В прошлом месяце мы с братцем Зямой сваяли для «Жилья» роскошный рекламный буклет. Братишка-дизайнер взял на себя художественную часть, а я вдохновенно написала безудержно хвалебный текст, в который задним числом с большим удовольствием внесла бы поправки. В частности, теперь я написала бы название обидевшей меня девелоперской фирмы «Жилье» через букву «у» и с легкостью аргументировала бы необходимость такого изменения. Определенно, Марьяне Залесской гораздо больше пойдет быть бухгалтером фирмы «Жулье»! Сегодня она второй раз продинамила меня с деньгами, ссылаясь на временные финансовые трудности компании.
– Эх, Дюха! – покачал головой Зяма. – Не знаешь ты правильного подхода к казначеям и ключницам, учить тебя еще и учить! Смотри, как это делает мастер!
Братишка одернул на себе модную трикотажную рубашечку, легкой поступью взошел на крыльцо, толкнул дверь с табличкой «ООО „Жилье“ и исчез в прохладном сумрачном холле.
– Мастер-фломастер!
Я презрительно фыркнула, но возможностью поучиться у известного специалиста по охмурению материально ответственных лиц женского пола пренебрегать не стала, с каковой целью переместилась под окно Марьяниного кабинета и прижалась ухом к затемненному стеклу.
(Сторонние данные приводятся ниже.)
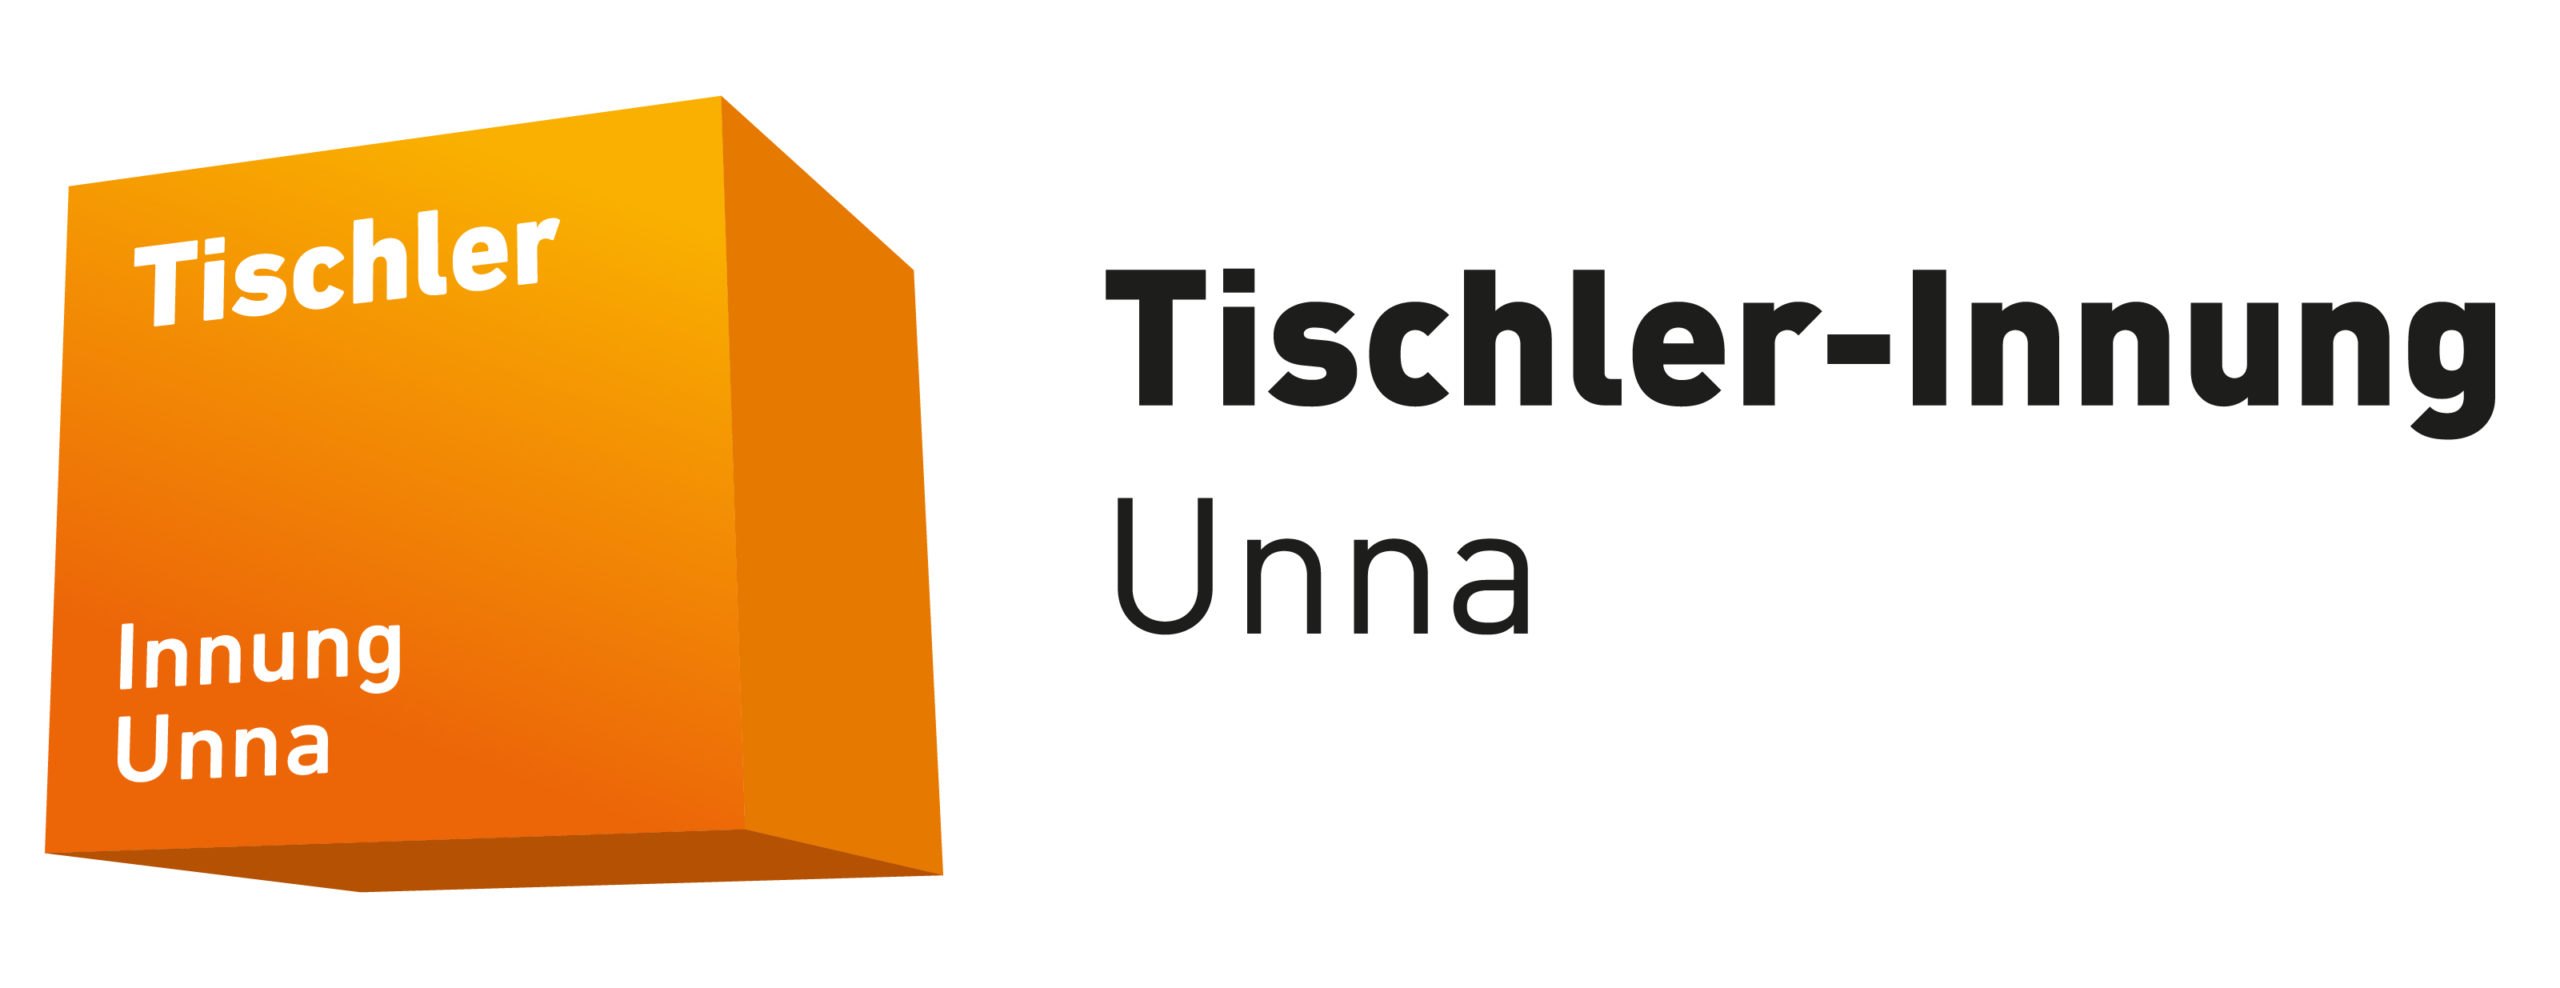 Tischler-Innung Unna
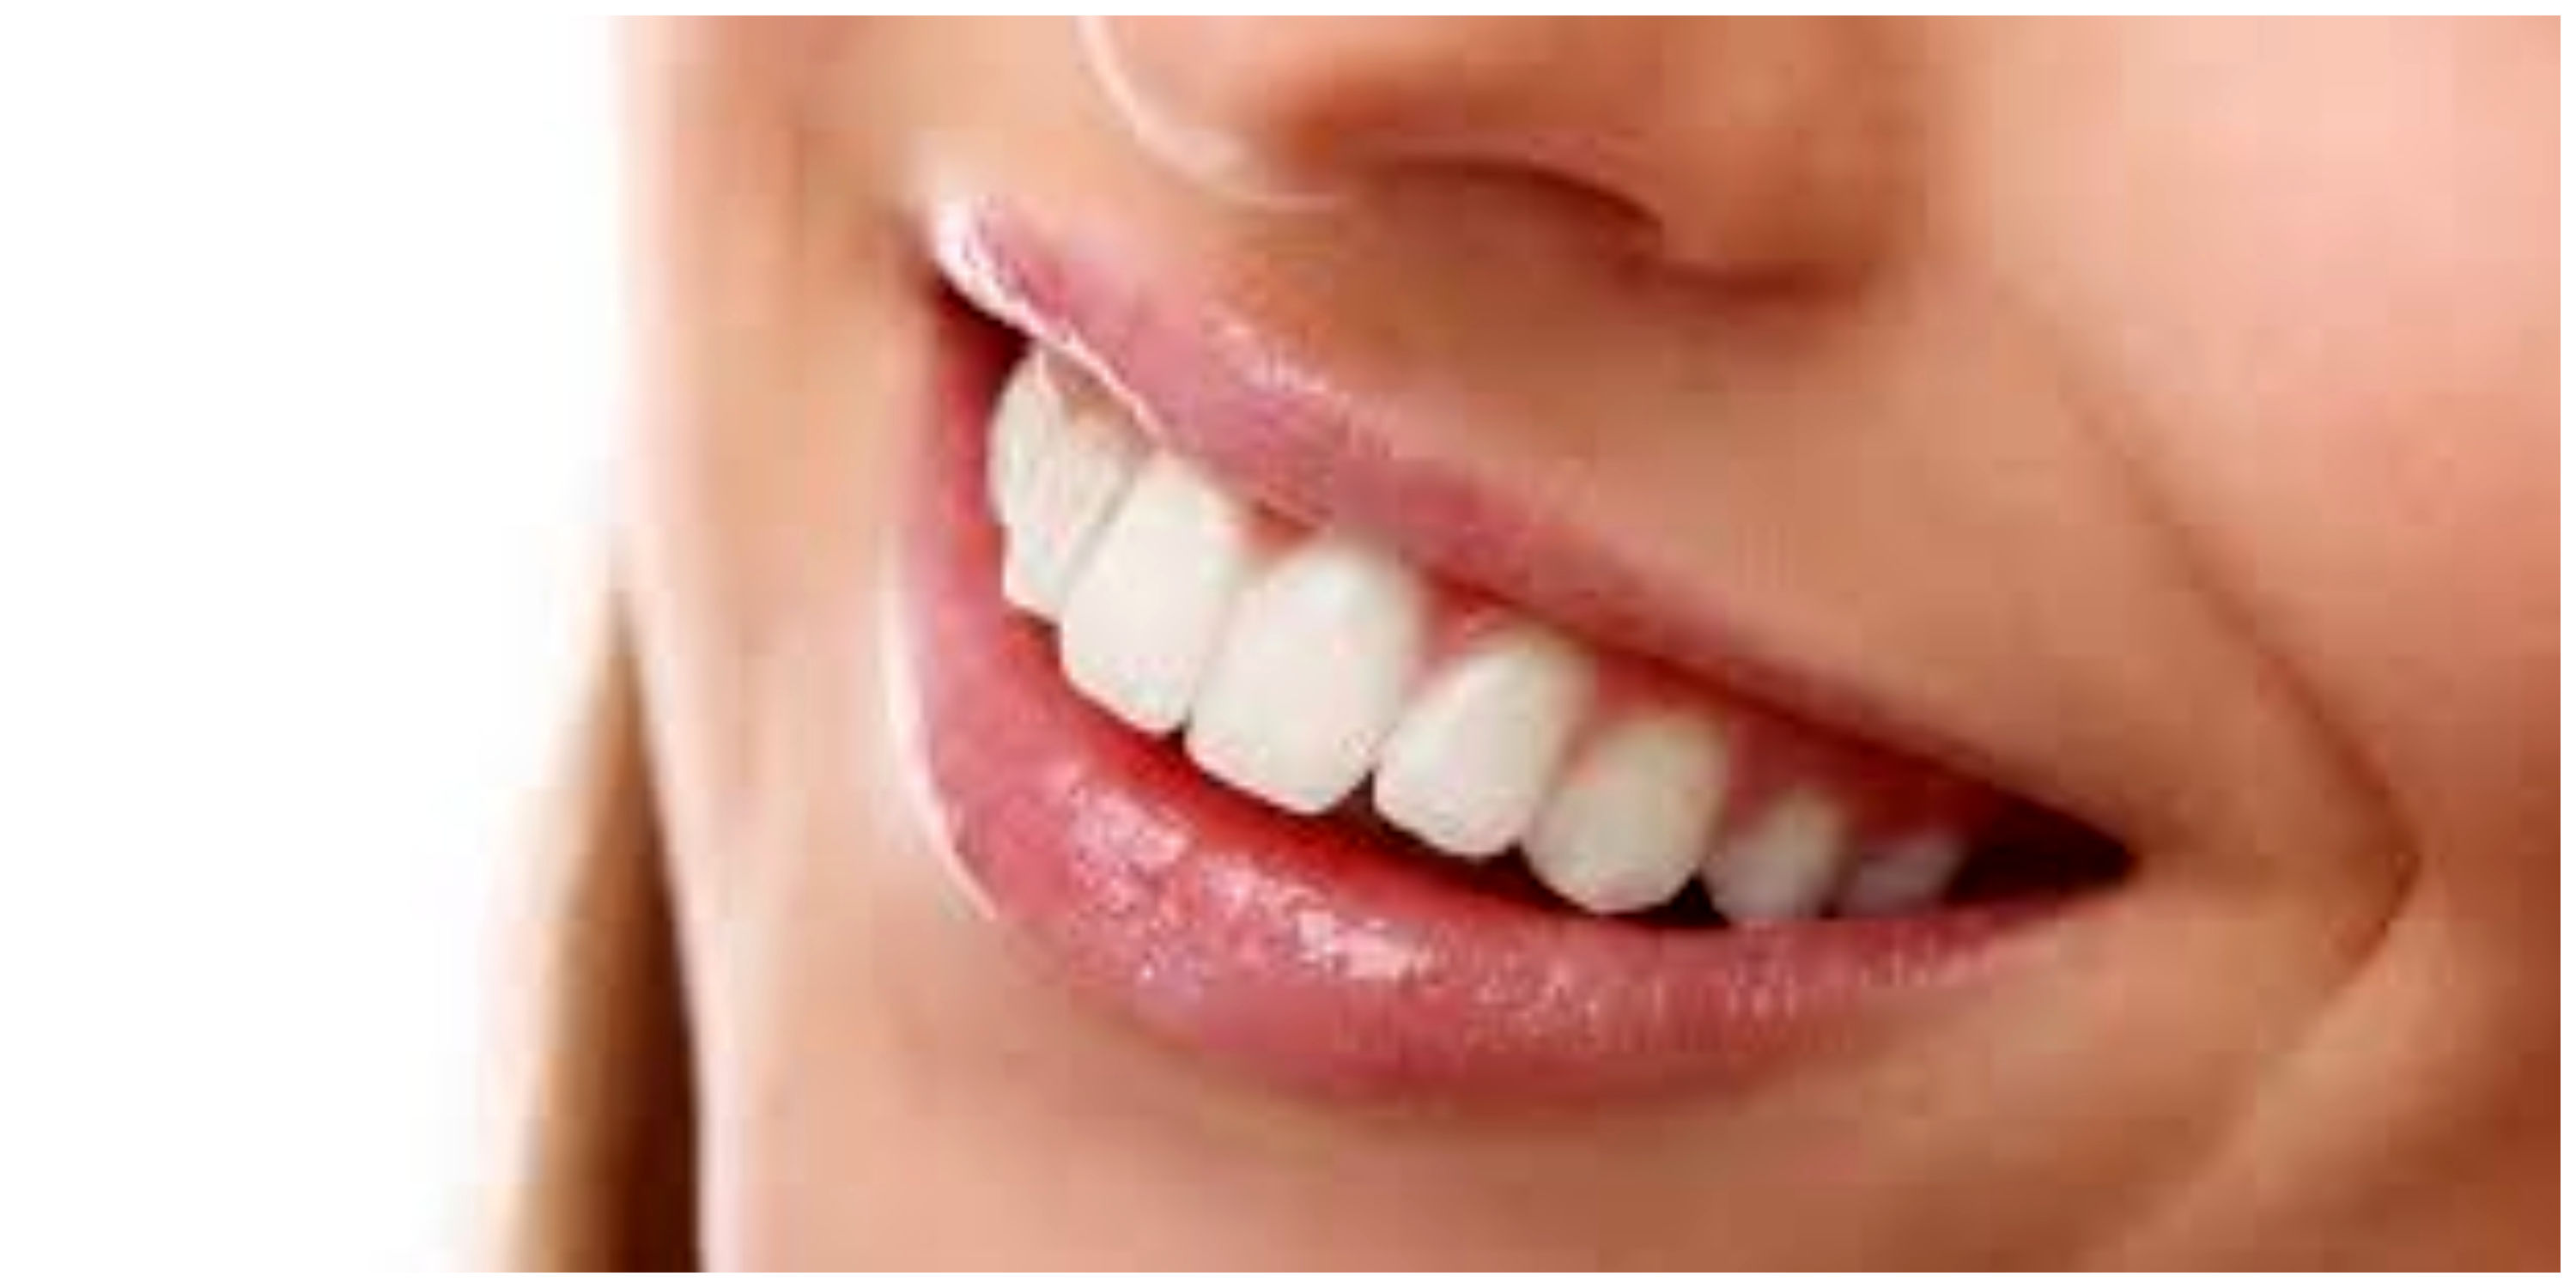 درمان فوری دندان درد در خانه

Наш Зяма искренне считает себя гениальным дизайнером. Это вполне нормально, ибо самоуверенность и творческие амбиции – наши фамильные черты. Несколько удивляет меня только то, что регулярно находятся не единокровные нам, Кузнецовым, чудаки, которые разделяют Зямино мнение. В результате у великого Казимира Борисовича всегда есть высокооплачиваемые заказы.
Как свободный художник, Зямочка вынужден совмещать творчество с коммерцией, так что в выбивании денег из клиентов он изрядно поднаторел. Правда, дизайнерскими услугами Зямы чаще пользуются состоятельные дамы, а эти ценительницы прекрасного готовы раскошелиться за одну только возможность лишний раз встретиться с моим обольстительным братцем. По не вполне понятным мне причинам, Зяма имеет у женского пола такой сокрушительный успех, который при переносе его на поприще искусства обеспечил бы моему братишке прижизненный памятник и немеркнущую славу в веках.
Впрочем, я сильно сомневалась, что хваленое мужское обаяние поможет Зяме охмурить Марьяну Залесскую. Эта женщина производила впечатление бесполого робота, запрограммированного исключительно на самоотверженное служение бухучету.
– Здра-авствуйте, Марьяночка Игоревна! – бархатным голосом напел Зяма, внедряясь в кабинет моей врагини.
– Здравствуйте, Казимир Борисович, – сухо приветствовала его бухгалтерша.
Мне стало ясно, что Зямины мужские чары на Марьяну не действуют. Он, очевидно, тоже это понял и мгновенно сменил тактику, добавив в бархатный голос искренней озабоченности:
– Надеюсь, давешнее падение монгольского тугрика не подорвало финансовую крепость вашей компании?
– Вот шельмец! – с завистливым восхищением прошептала я.
Финансовая крепость родной компании волновала госпожу Залесскую гораздо больше, чем все казановы и донжуаны мира, вместе взятые. Упоминание неустойчивого монгольского тугрика в связи с финансивыми делами фирмы повергло бухгалтершу в растерянность.
– Н-нет, не сказалось, – пробормотала она, встревоженно хмурясь.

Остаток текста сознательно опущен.